Dantler presented his credentials. The clerk glanced at them and winced. “GBI? You’re a Galactic Bureau of Investigation Officer? What’s the Inter-World Council want with us?” When Dantler did not answer, he shrugged and grinned. “Your credentials say anyone who doesn’t cooperate with you will be deported instantly, and that’s reason enough to cooperate. You must know personally all of the many skeletons in the Llayless Mining Corporation’s closets to be able to pry a document like that out of it.” He returned the credentials. “What is it you want to know?”

“Nothing complicated, I’m sure. Where is the mine called Last Hope?”

“That’s fairly complicated until you get through the Laughingstock diggings. After that there’s a path. I’d better draw you a map.” He went over it with Dantler, and when he was satisfied that his directions were clear, he leaned back and scrutinized Dantler’s energy-charged form, taut face—no one had ever called him handsome—and neat, conservative dress. “You prepared for a long walk?” he asked.

“Isn’t there any transportation?”

“There are a couple of pack mules, but they’re kept on the other side of the mountain. Figure on a long walk.”
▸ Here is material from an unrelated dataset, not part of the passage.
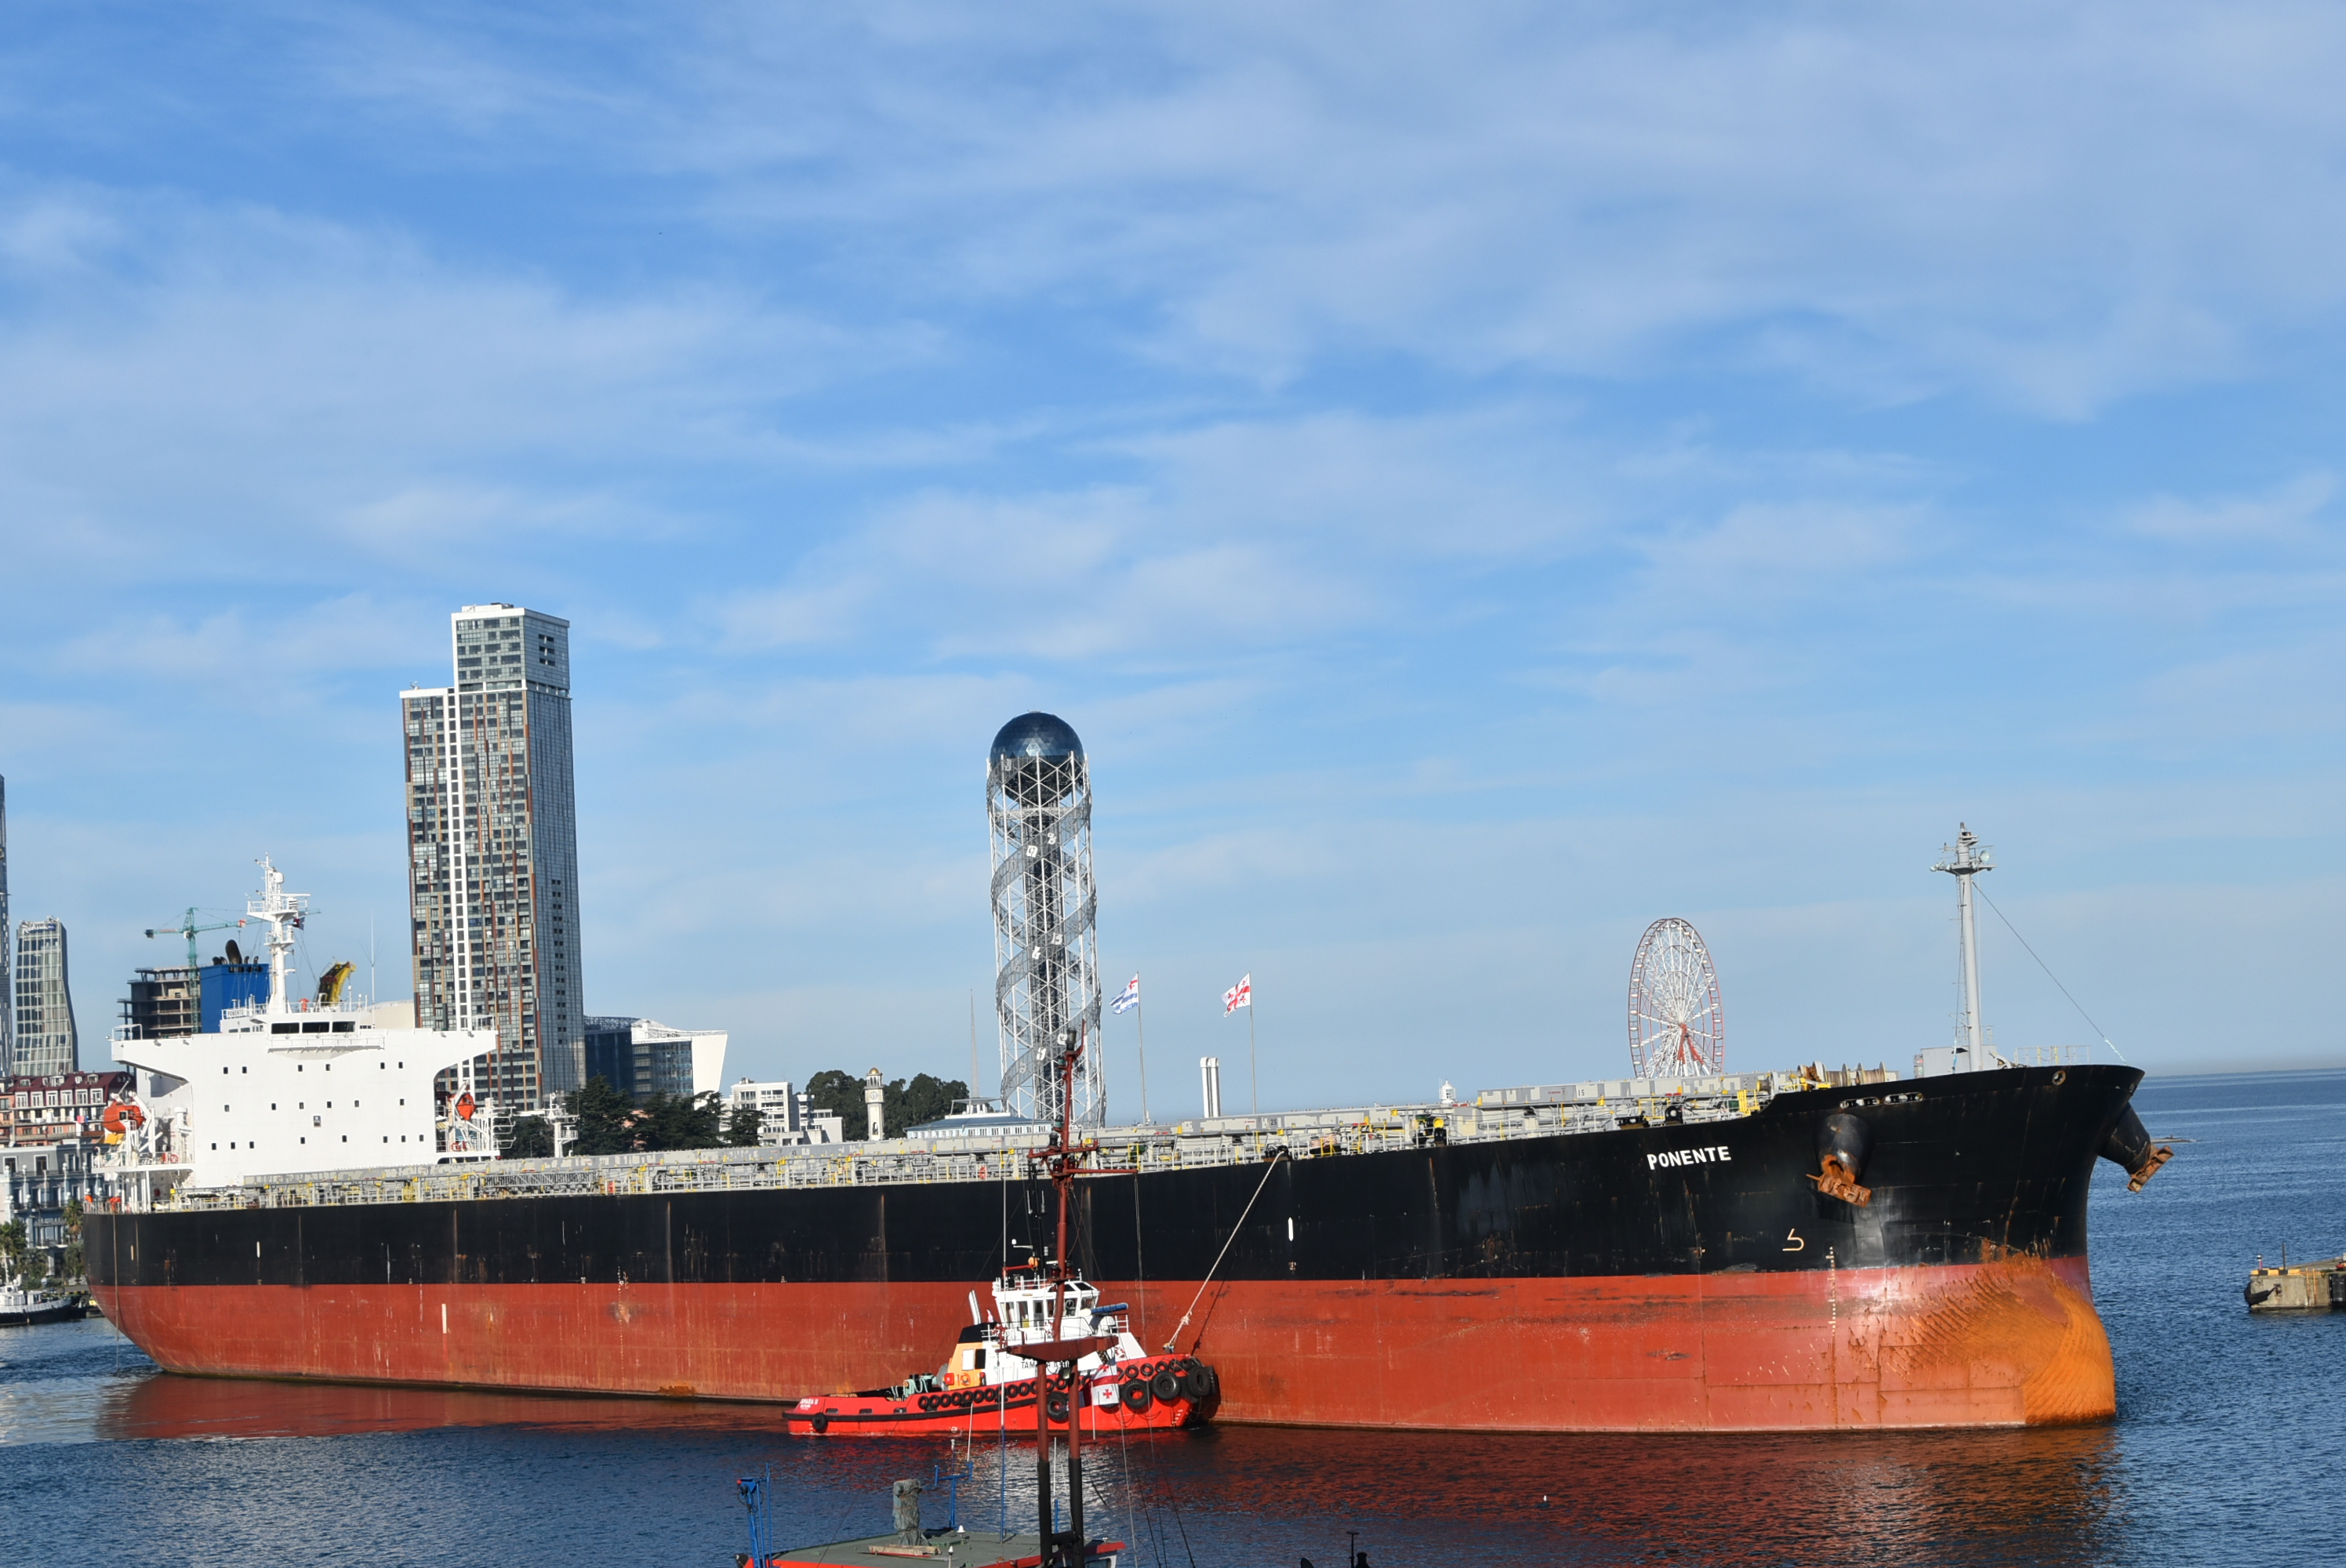 "PONENTE" has arrived: Batumi Sea Port has received a record size ship

“How do they bring the ore out?”

“Slowly and with great difficulty. When they’ve accumulated enough, they load the two pack mules and fill two or three handcarts. All the men they have take the day off and haul ore. The Llayless Mining Corporation built them a short siding off our railway line, and it keeps an ore car parked there. When they get it filled, the Corporation hauls it away and leaves an empty for them. That’s as much as it’s willing to do for a marginal operation. The men at Last Hope confidently expect the vein they are working to get richer instead of playing out as most marginal mines do. All miners are optimists.”

Then he leaned over his desk to look at Dantler’s feet. “At least you’ve got sturdy shoes. As I told you, it’s a long walk. I’ve never tackled it myself, no reason to, but those who have say it’s a good ten miles, and half of that is a steep climb up to the pass. It’s best to make a two-day trip of it, and you have to figure on an uncomfortable night. There’s no hotel or bed and breakfast place—no houses at all, in fact. And you’ll be lucky if they can provide you with a sleeping bag, but you’d be an idiot to try to find your way back here in the dark. You got urgent business with the Last Hope?”